-- Recorded data follows --

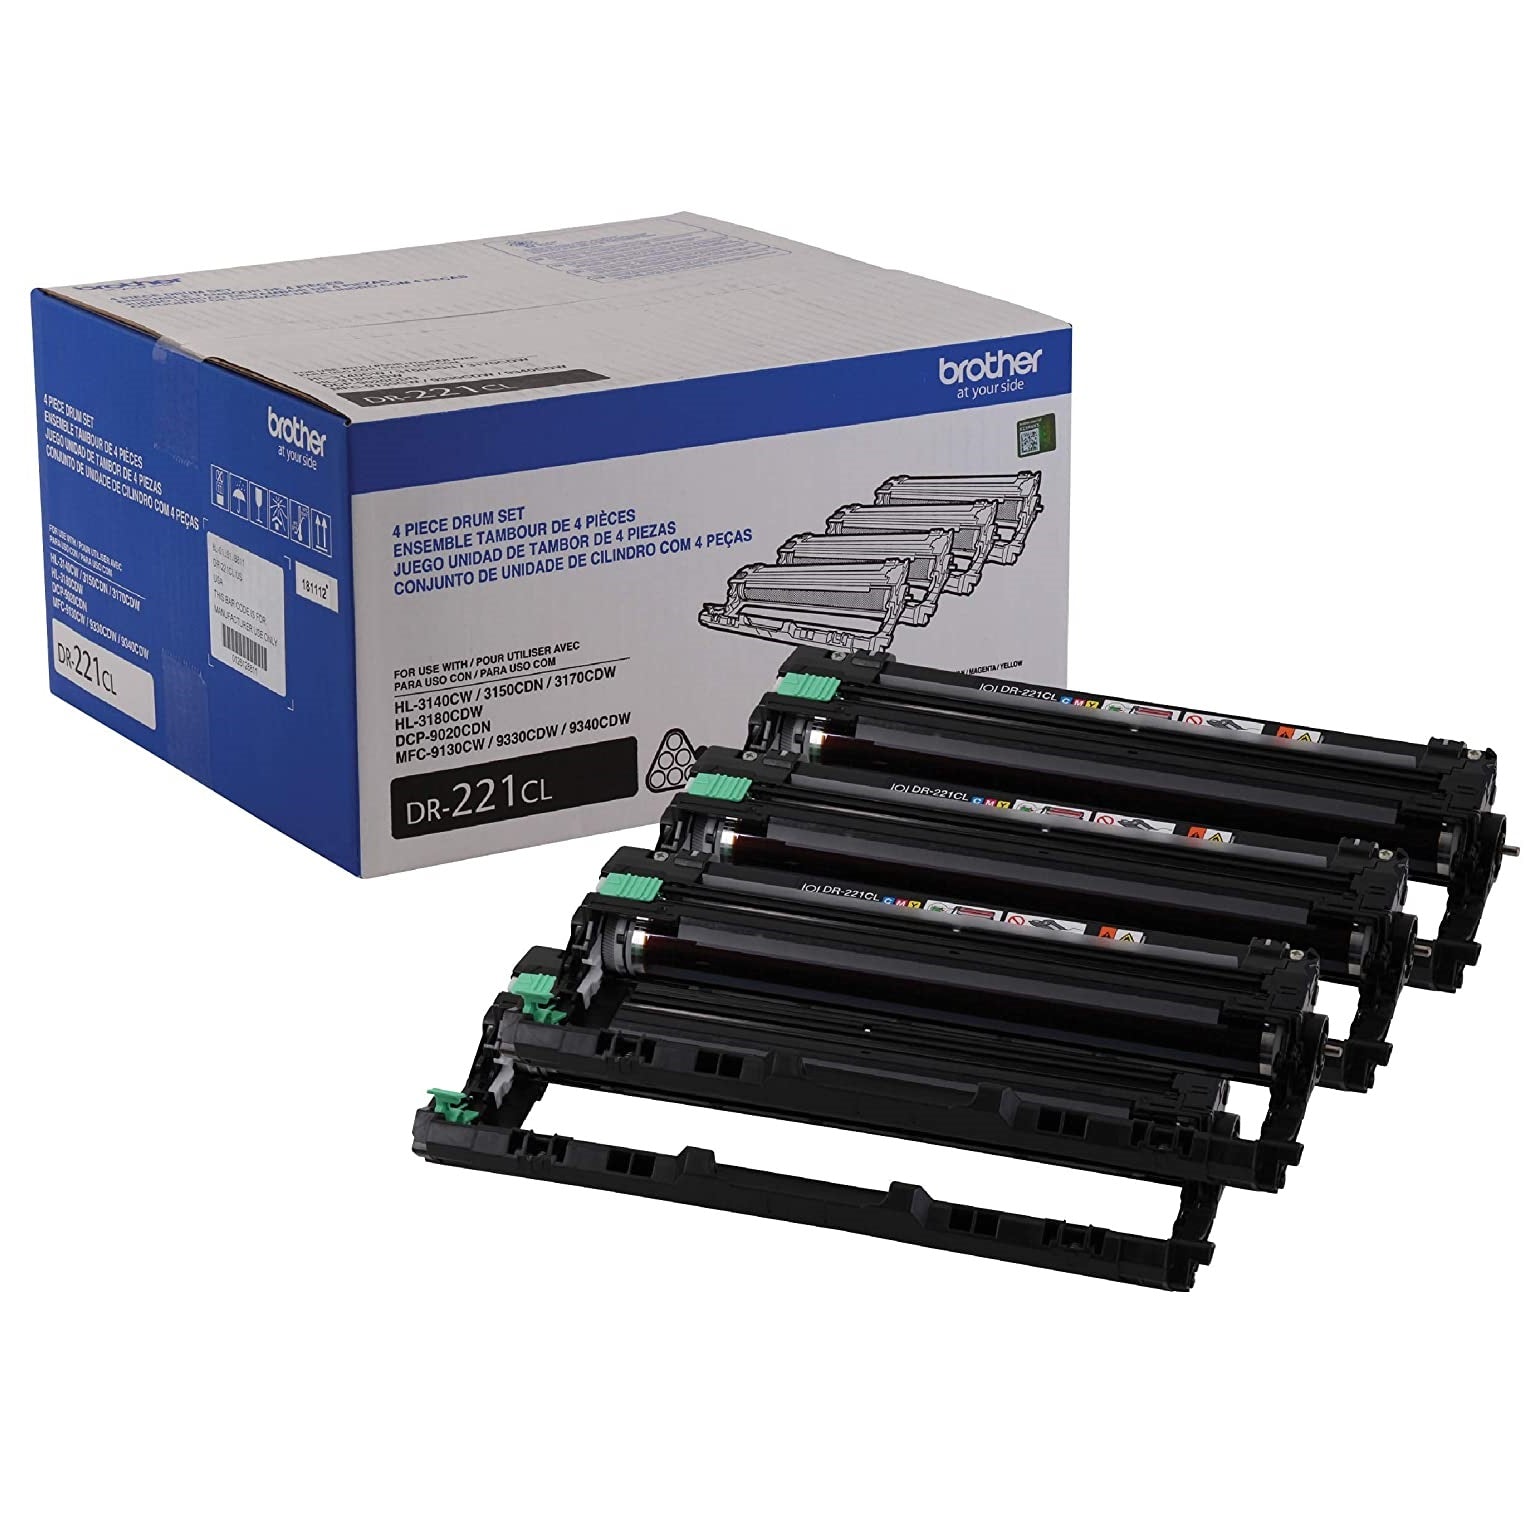 Absolute Toner Brother Genuine OEM DR-221 (DR221CL) Drum Unit, 4/Pack | Yields Upto 15,000 Pages Original Brother Cartridges
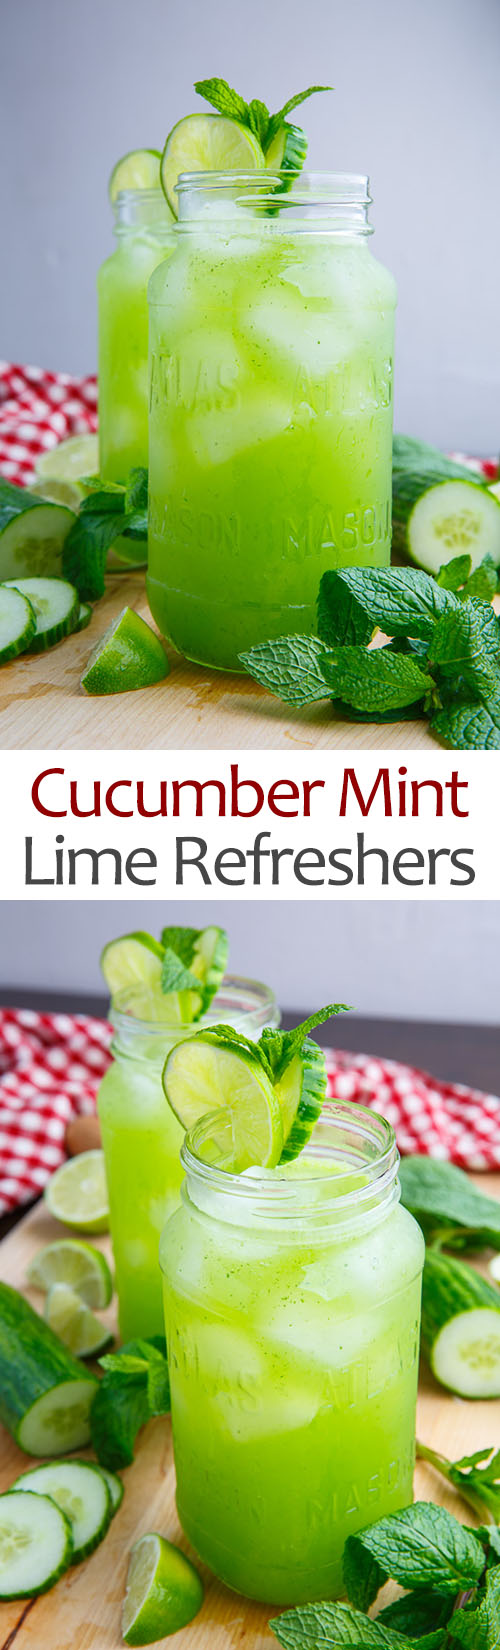 Cucumber, Mint and Lime Refreshers
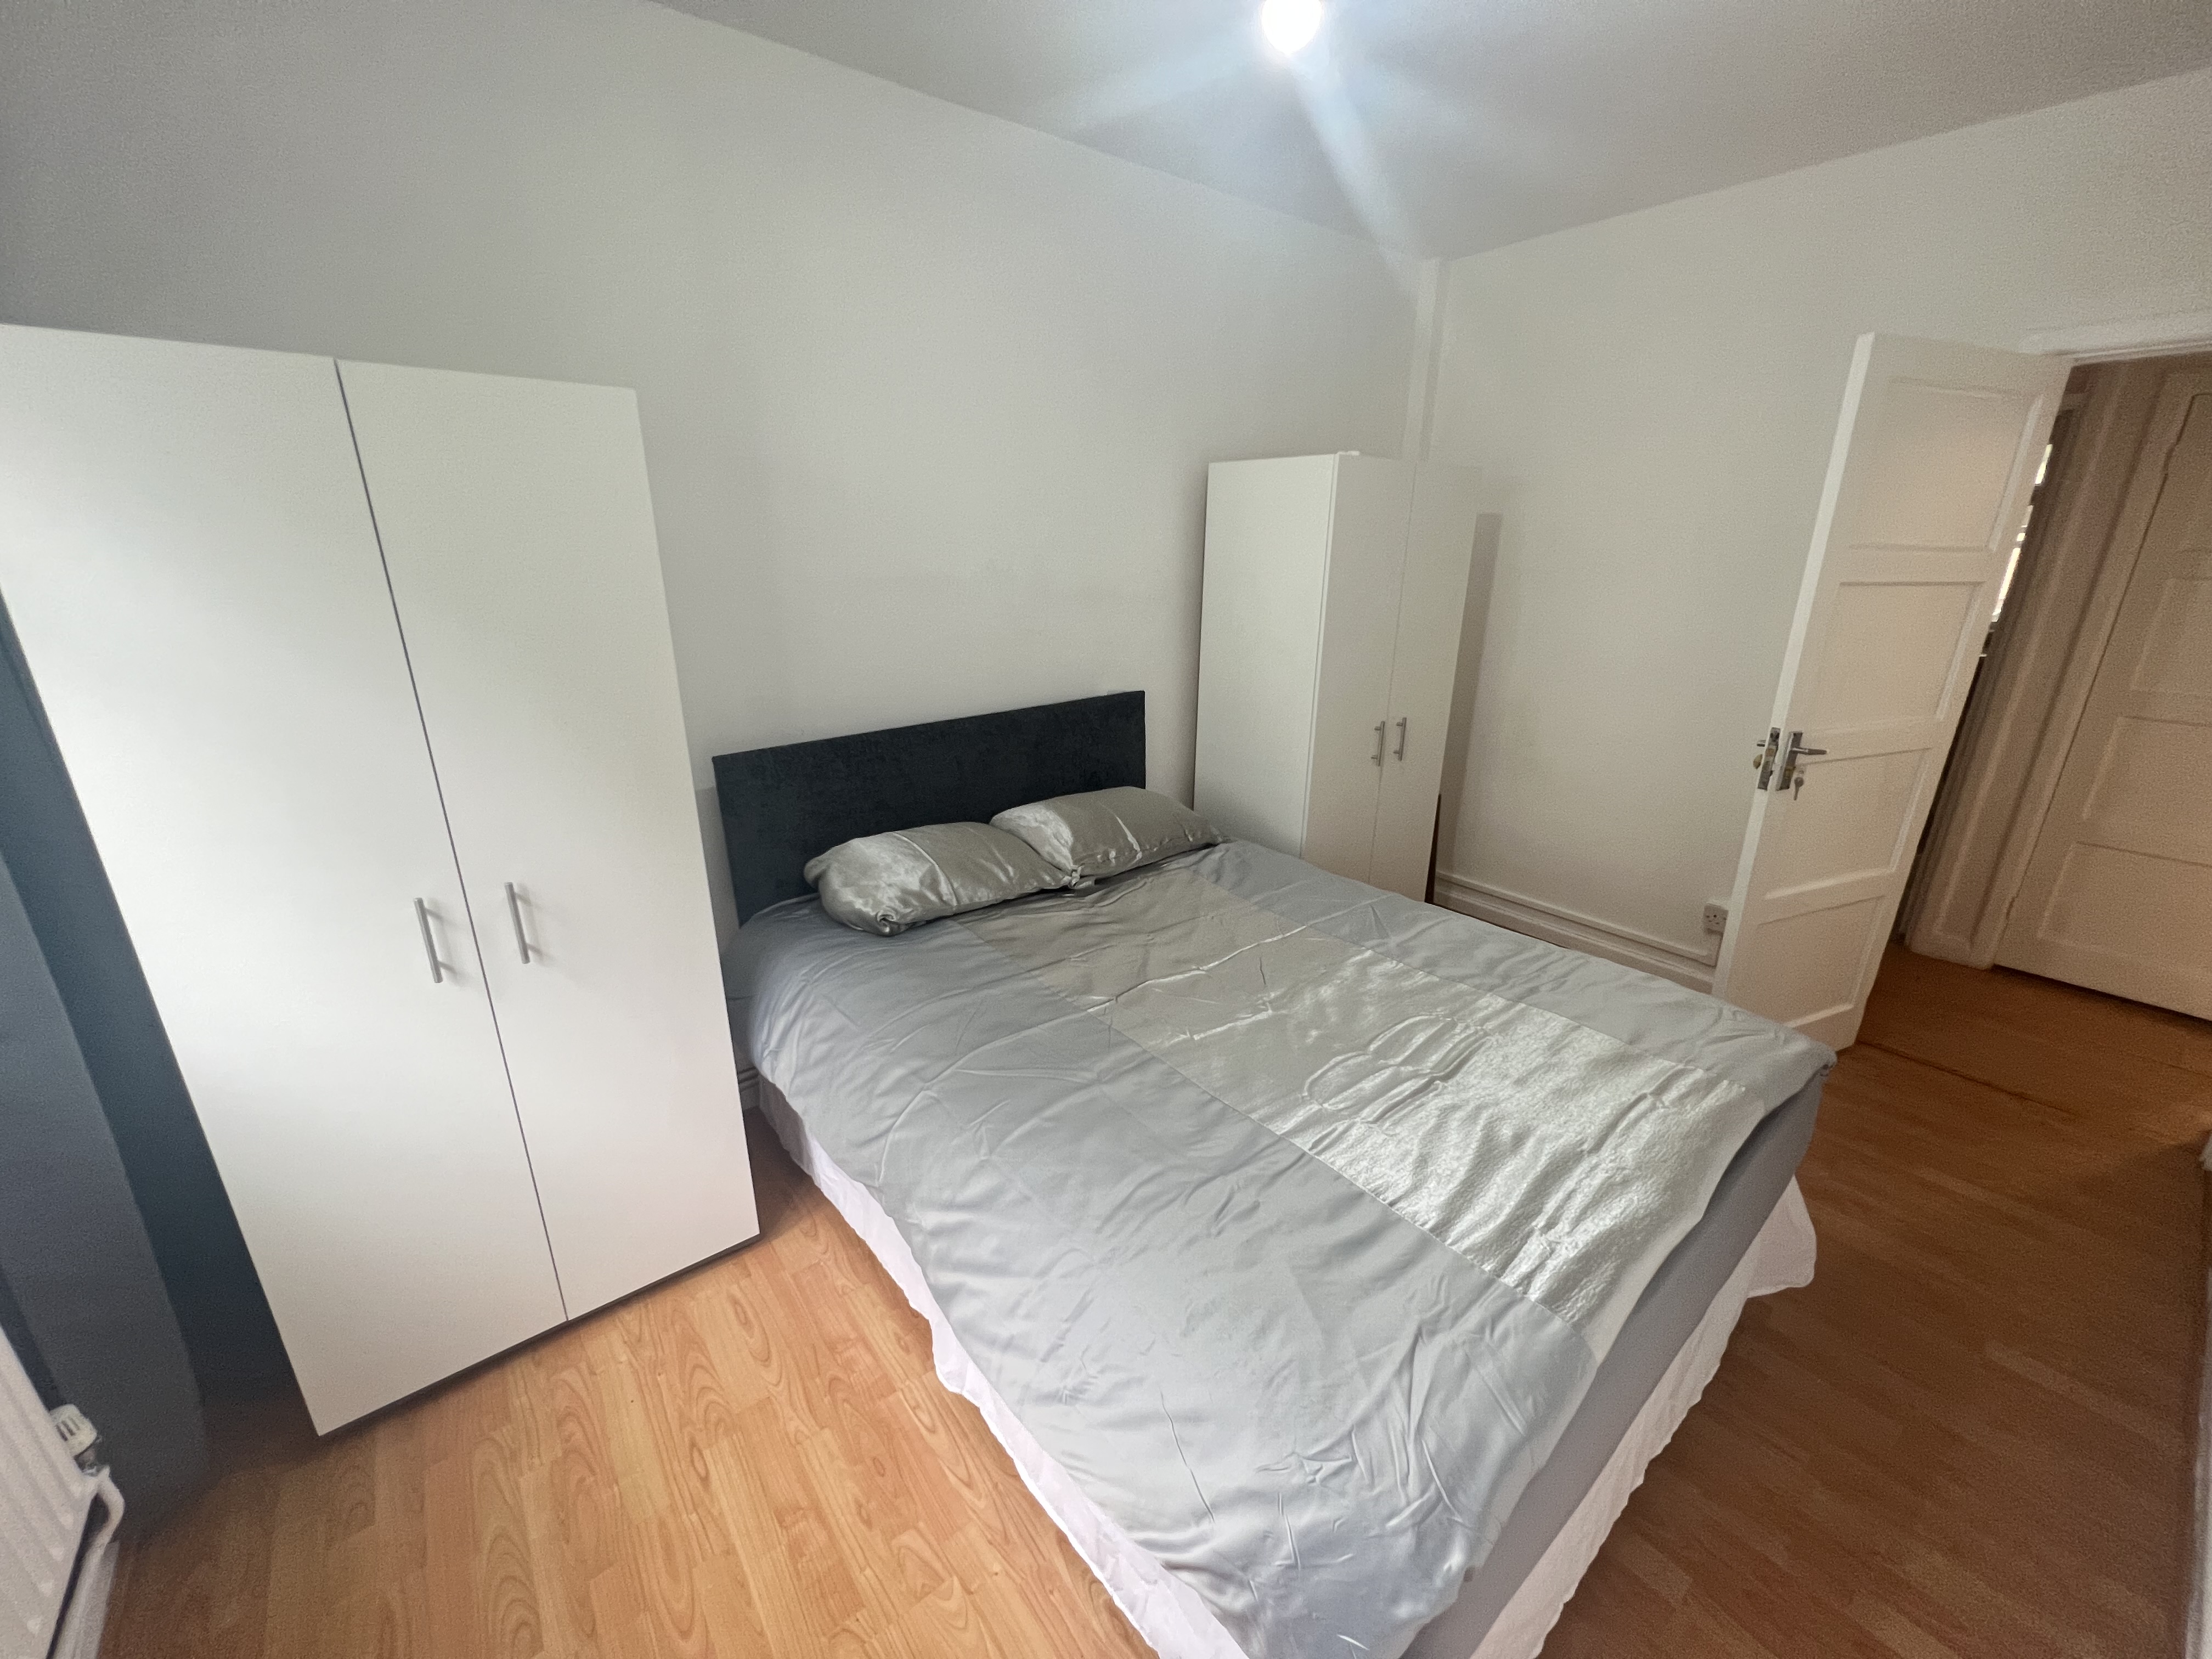 Private room in a shared flat. Zone 1 and 2 RoomsLocal image

-- Recorded data concluded --

**Problem statement:**
Would you return the data exactly as written, without the pictures?

**Exercise output:**
 Absolute Toner Brother Genuine OEM DR-221 (DR221CL) Drum Unit, 4/Pack | Yields Upto 15,000 Pages Original Brother Cartridges
 Cucumber, Mint and Lime Refreshers
 Private room in a shared flat. Zone 1 and 2 RoomsLocal image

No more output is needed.